4.4. Multiple mechanisms

While characterization and description of the DODH reduction mechanisms found in the literature is illuminating and provides insights into designing new catalyst systems, some of the excellent work described here does in fact show several competing mechanisms for catalyst reduction. For example, Fristrup and co-workers always observe complicated product mixtures from both the reaction of catalytically generated products with starting materials and the generation of aldehyde products by the seemingly ubiquitous oxidative cleavage of high oxidation state Mo and V diolates. Yields of aldehyde can surpass 20% even at temperatures approaching 200°C with sacrificial alcohol as solvent [75]. Oxidative cleavage of diols even competes with reduction of MTO systems when using (R,R)-(+)-hydrobenzoin [56]. Additionally, glycerol was found to act as a reductant by transfer hydrogenation and by oxidative cleavage for V [78] and Mo [72], respectively, and both metals have precedent for performing both reactions by being compatible with both pathways. Care must be taken when analysing product mixtures to account for the possibility of several competing reduction reactions.

4.5. Summary of DODH reactions using the oxidative cleavage of diols as reductant

Table 3 summarizes the catalyst systems with the highest yields using oxidative cleavage to drive DODH. These results show that deformylation seems to be ubiquitous in V and Mo systems, whereas Re does not commonly show this reactivity.

5. Conclusion

Rhenium catalysts have been shown to be the most efficient catalysts for DODH by affording both fast reaction rates and excellent alkene yields. Although rhenium is a rare and expensive metal, the reaction conditions required for DODH using rhenium catalysts are milder than the conditions required for current molybdenum and vanadium catalyst systems. Rhenium systems are also not hampered by multiple competing reaction mechanisms; probably because of the relatively low temperatures required to perform catalysis. Although significant progress has been made exploring other metals and ligand environments, MTO is still the reigning champion in the field of DODH, affording fast catalyst turnover with nearly all reductants studied at relatively low temperatures.

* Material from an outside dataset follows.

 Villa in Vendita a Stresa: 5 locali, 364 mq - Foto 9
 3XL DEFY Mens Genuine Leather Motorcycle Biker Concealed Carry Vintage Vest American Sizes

Finally, it is noteworthy that there are relatively few catalyst systems in the literature. A great deal of exploration is needed in the chemical space of molybdenum- and vanadium-oxo catalysts, including manipulation of the steric and electronic environments produced by the ligands. Only a few catalysts have been explored, and, especially for molybdenum, their alkene yields and selectivities require significant improvement to reach the activity of Re, so continued work may well find superior systems. Molybdenum-oxo compounds are particularly promising because a large number of complexes can be synthesized readily from easily accessible starting materials. Vanadium's possibilities are also quite intriguing, because it can adopt a number of spin states in reduced species.